The plot of Laughing Boy is extremely straightforward: boy sees girl from afar, wants to marry her, his family objects, they get married anyway, they live together, conflicts ensue, she cheats, she dies, he moves on. All of this plays out across the cultural conflict of Navajo that live largely apart from white men and Navajo that were forced to assimilate in white schools and towns. We see inside Navajo horse races, dances, hogahns, and the hybrid home that Laughing Boy and Slim Girl make together that is truly part of neither world.
The book starts with a dance and the constellation of social activities that surrounds it: trading, visiting relatives, horse racing. Laughing Horse is a young silversmith and keeper of horses who becomes intrigued with Slim Girl, a slightly older woman who seems at the fringe of the gathering. He finds her more forward than other Navajo women of his experience and they agree to marry without the permission of their families and despite his uncle’s open misgivings about her virtue. They travel to the outskirts of Los Palos, a white settlement, where Slim Girl visits her white lover and makes arrangements to see him, setting up the double life that entangles her for the rest of the book. She introduces Laughing Boy to liquor and persuades him to build up wealth with her before they think of rejoining his family at T’o Tlakai. Meanwhile, she struggles with the traditional roles of a Navajo wife, most notably learning how to weave.
The couple takes a trip to a Night Chant in the middle of the book, giving Laughing Boy an opportunity to defend the “Indian-ness” of his wife and their way of life to his family. While she is heartened by this, upon their return home Laughing Boy’s doubts fester, sending him away from the home more often and questioning her decision to delay having children until they are wealthier. This balance is lost when he discovers Slim Girl with her love by chance and shoots them both with arrows, wounding his wife in the arm. Chastened, Slim Girl finally reveals her full history to her husband: her pregnancy, abortion, and subsequent life of prostitution before she met the man who brought her to Chiziai. They feel cleansed by this revelation, and Slim Girl finally agrees to join him at T’o Tlakai and live fully as a Navajo wife. This is tragically interrupted when an old rival for Slim Girl comes upon them in their travels and kills her in a fit of jealousy. Laughing Boy conducts a modified version of traditional funeral rites for her, keeping a four-day vigil over her body alone and then rejoining his people.
This story’s told through a lot of interior narration from Laughing Boy and Slim Girl and asides about white/Navajo interactions and the tension between the Navajo and other tribes.
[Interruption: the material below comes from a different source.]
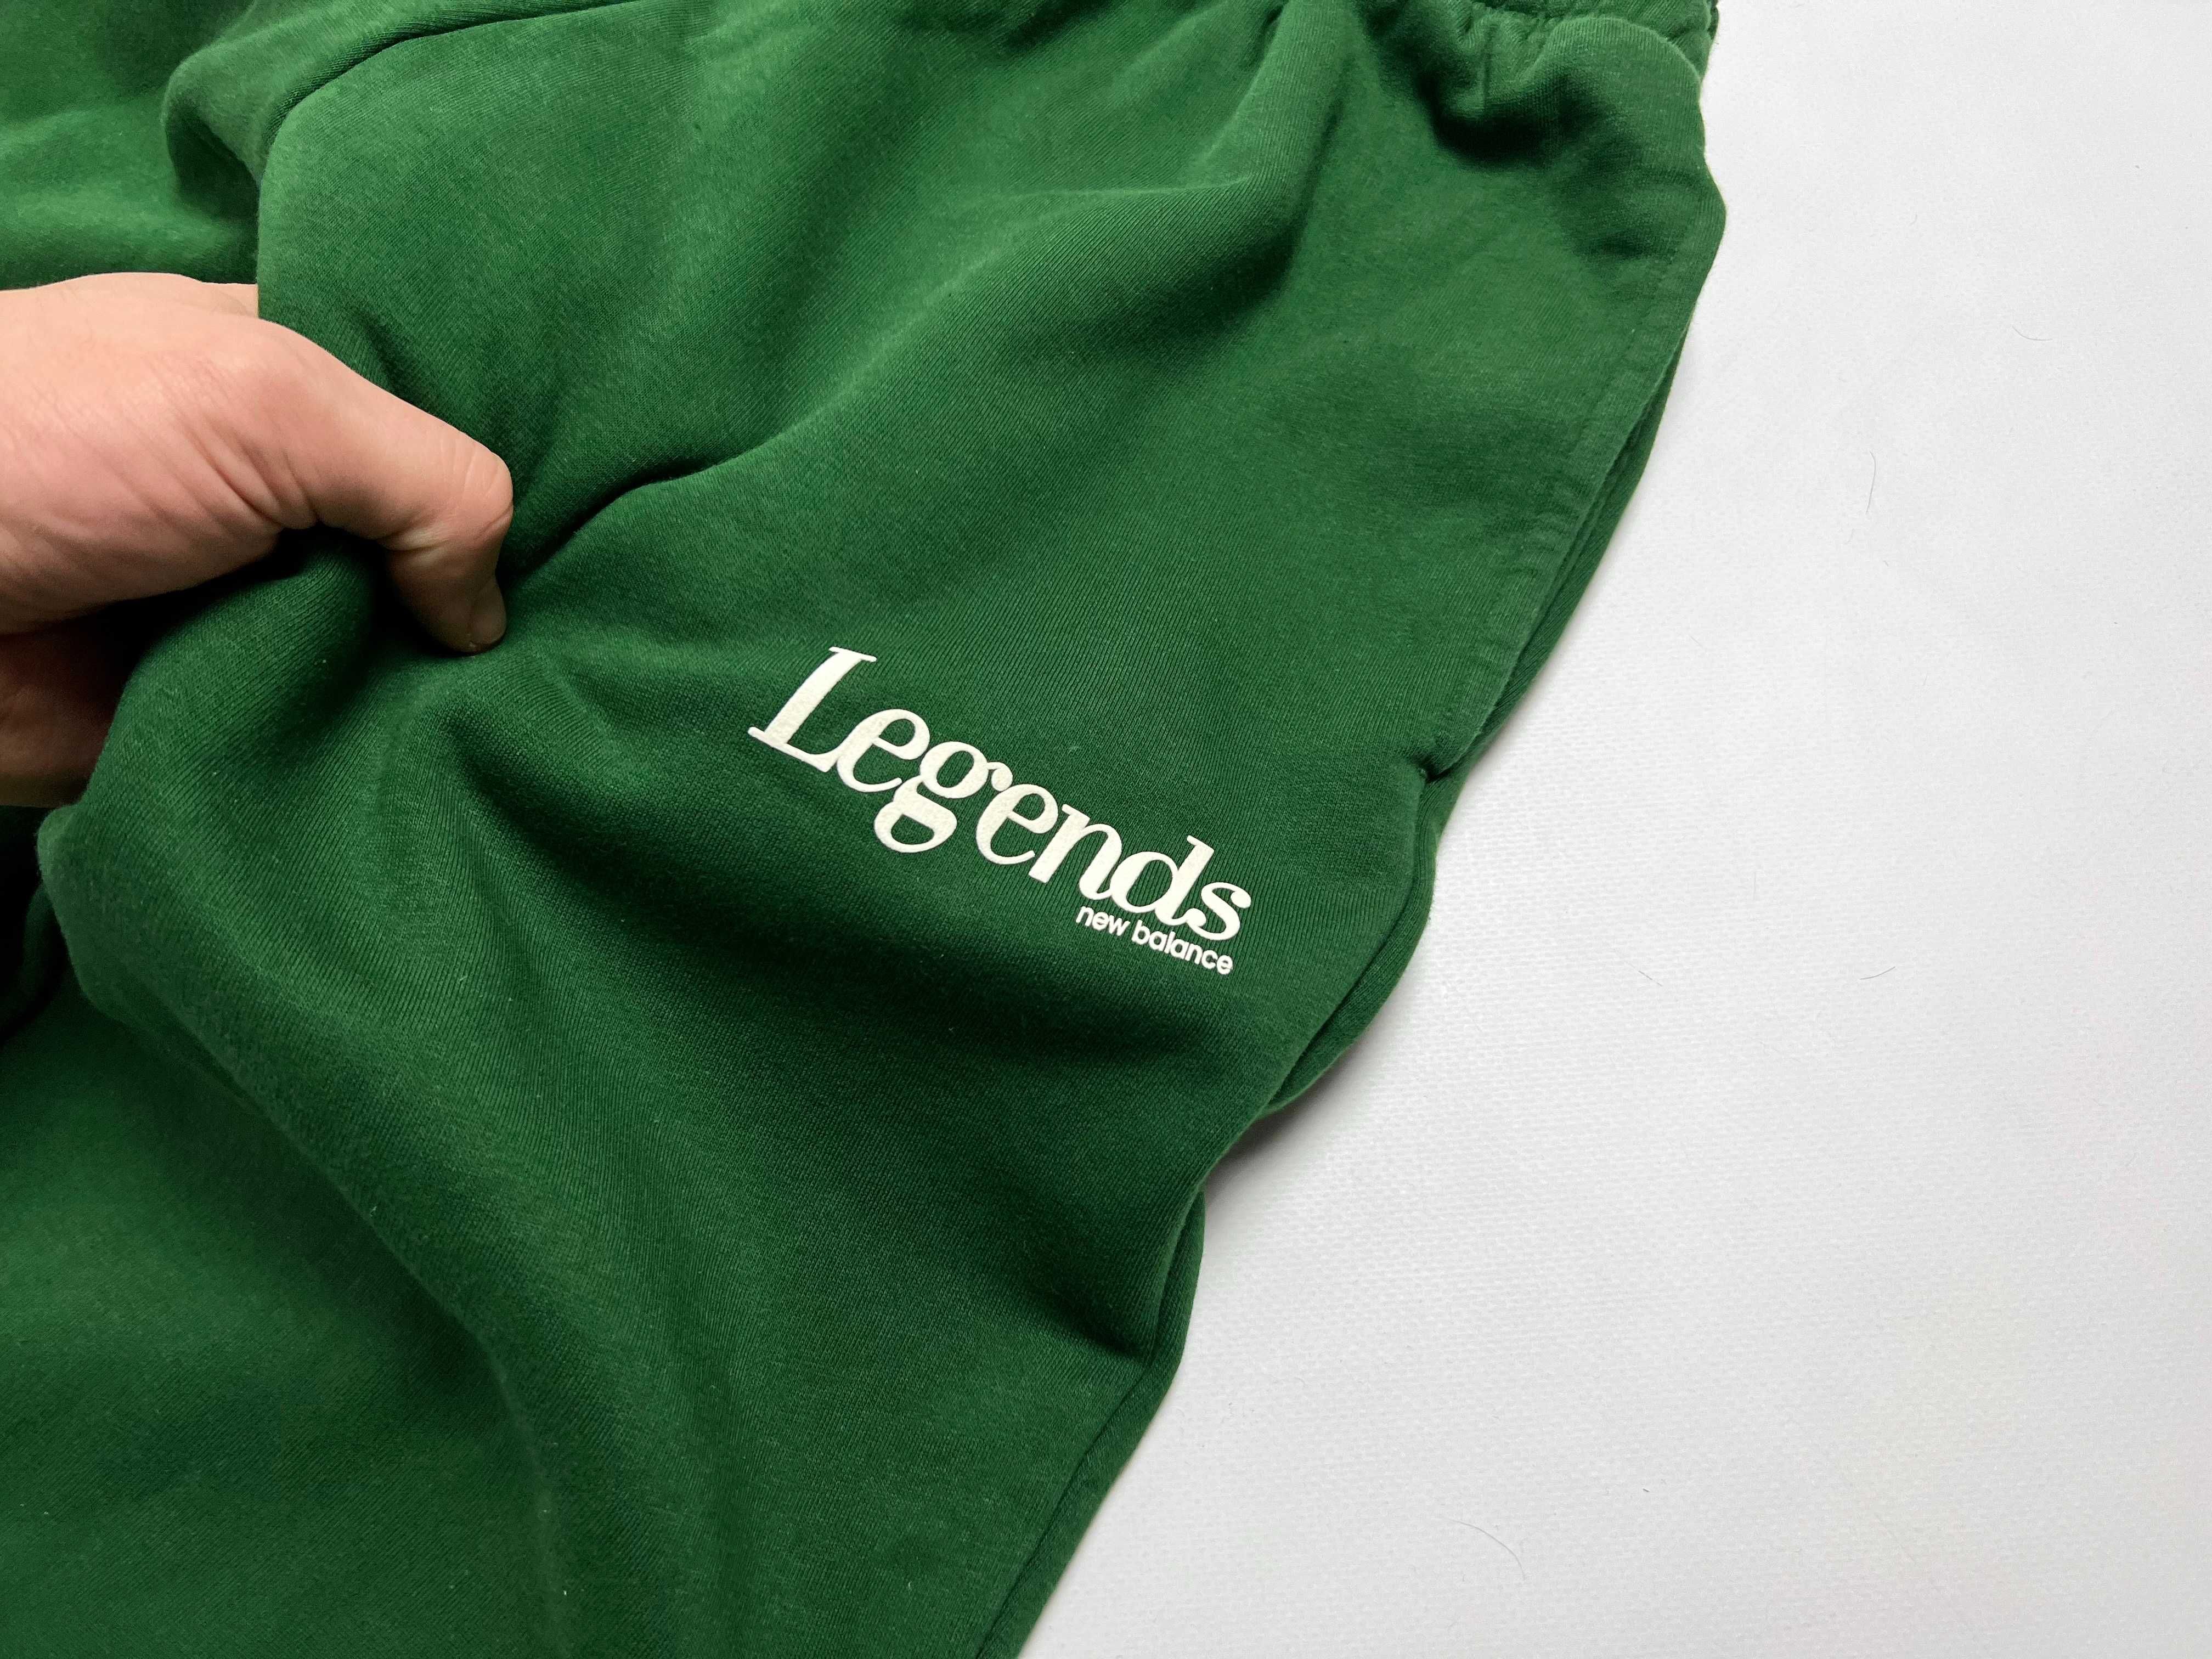 Теплый спортивный костюм New Balance Legends - S/M - куртка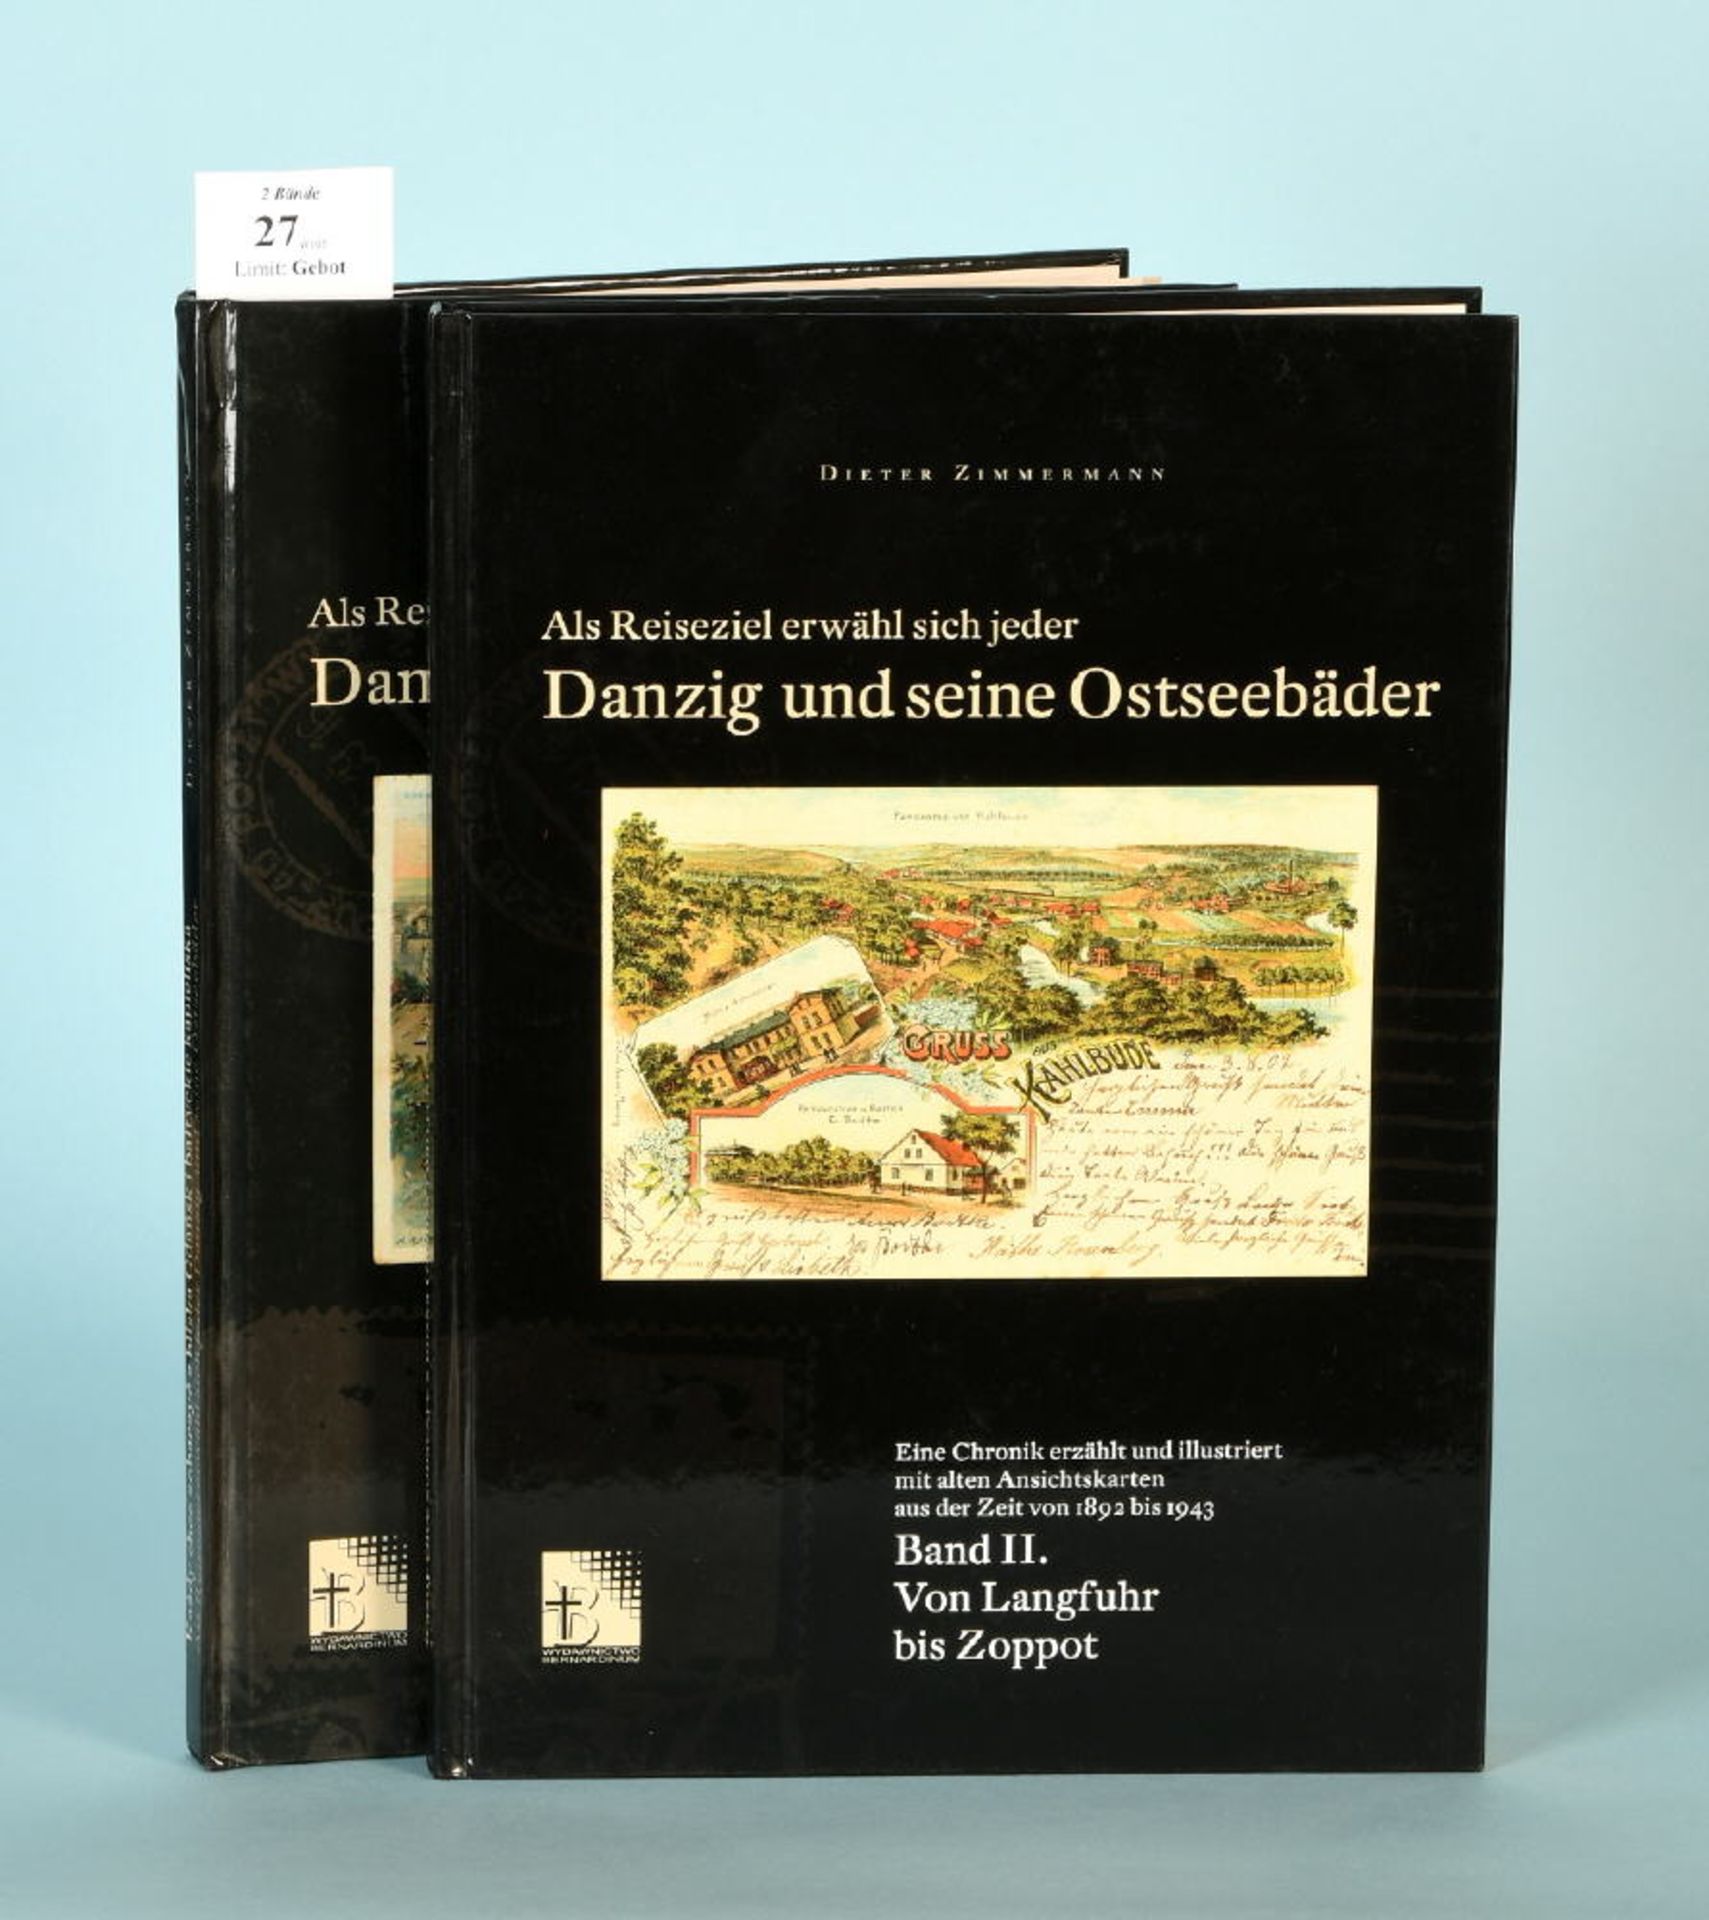 Zimmermann, Dieter "Als Reiseziel erwähl sich jeder Danzig..."

We get to learn a bunch about silversmithing and horse-trading and weaving and traditional dances and funeral customs and drinking and scamming white guys out of money and canned goods. It’s a little odd that all of a sudden the Pulitzer committee realized that there are non-white people out there in America and gave us Scarlet Sister Mary and Laughing Boy back to back, but I’m grateful for even this small stretch towards diversity. Too bad we’re going to have to wait a good long while for a book that’s actually by someone who’s not white… 1969, I think? N.